• WHAT TO DO:
Starting with the line that contains "Vintage blooming Kamtschatka" and stopping after the line that contains "Politik, Riksdagsvalet 2010, Regeringen, Jan", copy the entries below exactly. Include nothing else.

• RECORDED INFORMATION:
----------

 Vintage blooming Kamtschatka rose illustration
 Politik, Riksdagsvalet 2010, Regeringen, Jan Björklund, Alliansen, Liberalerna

----------

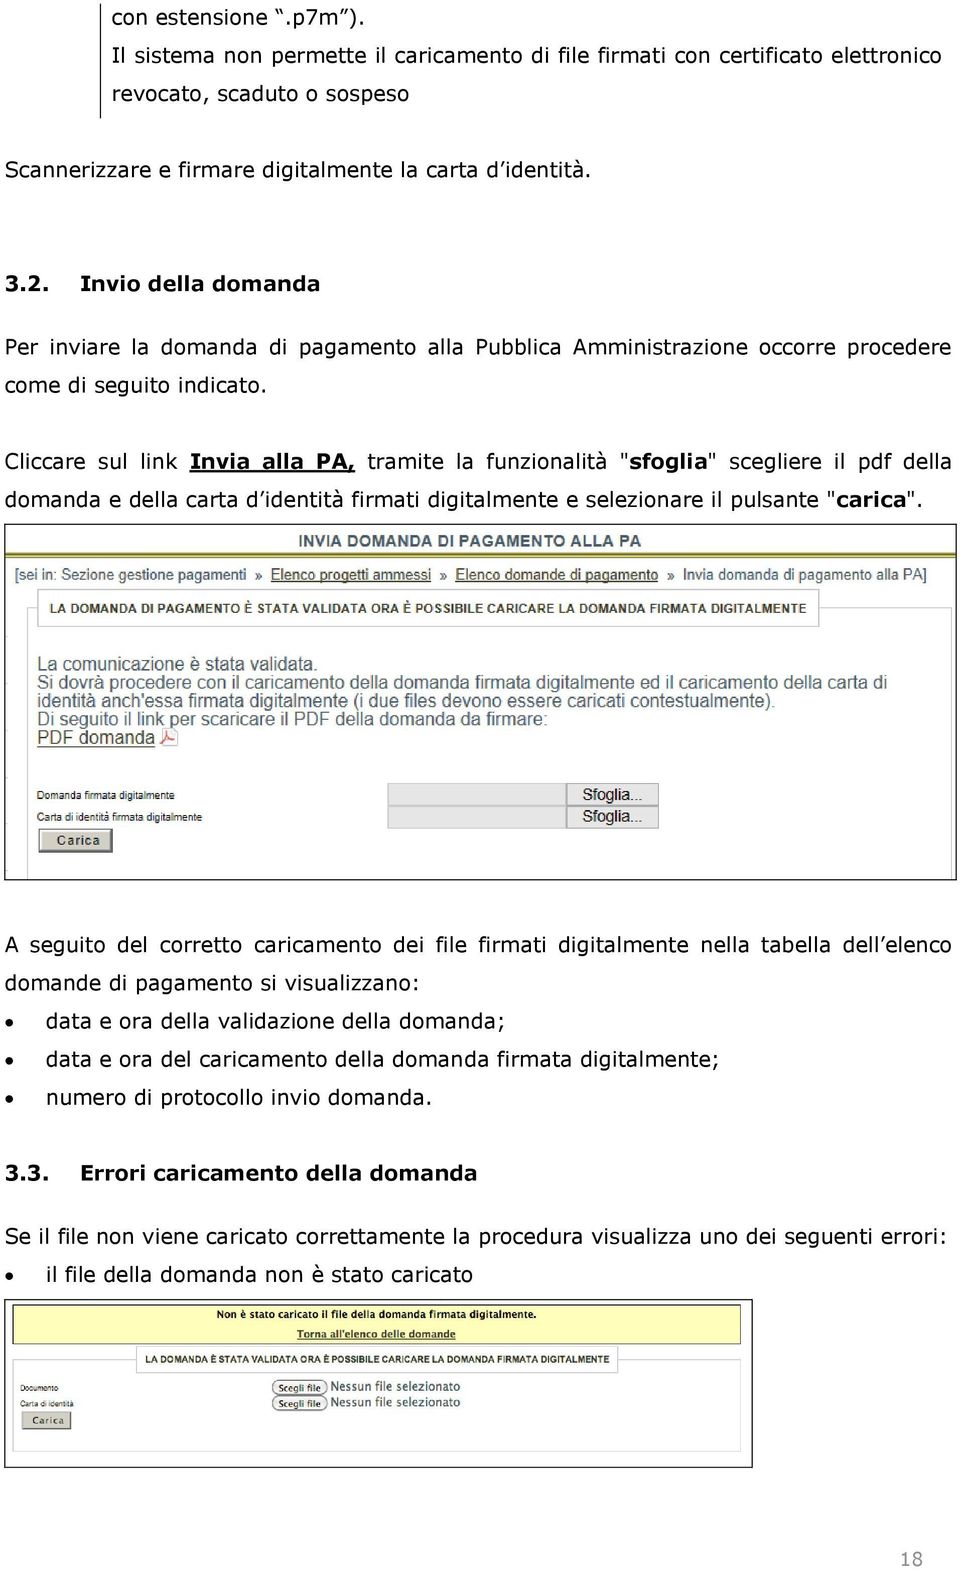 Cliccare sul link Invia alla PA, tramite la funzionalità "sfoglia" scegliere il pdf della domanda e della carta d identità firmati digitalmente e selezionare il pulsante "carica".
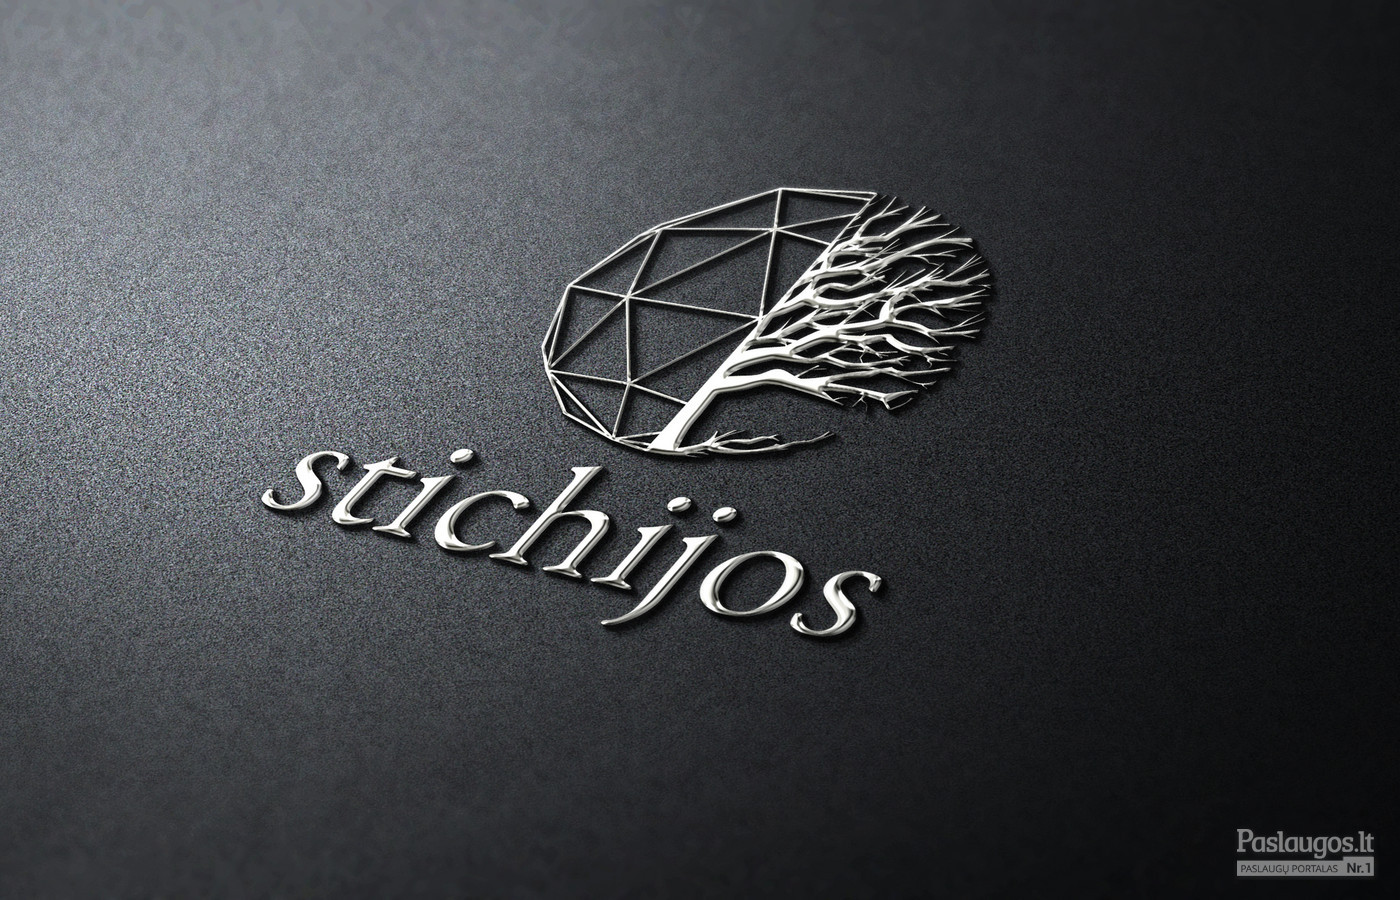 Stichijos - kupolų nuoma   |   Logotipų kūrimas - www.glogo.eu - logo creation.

----------

• ANSWER AREA:
 Vintage blooming Kamtschatka rose illustration
 Politik, Riksdagsvalet 2010, Regeringen, Jan Björklund, Alliansen, Liberalerna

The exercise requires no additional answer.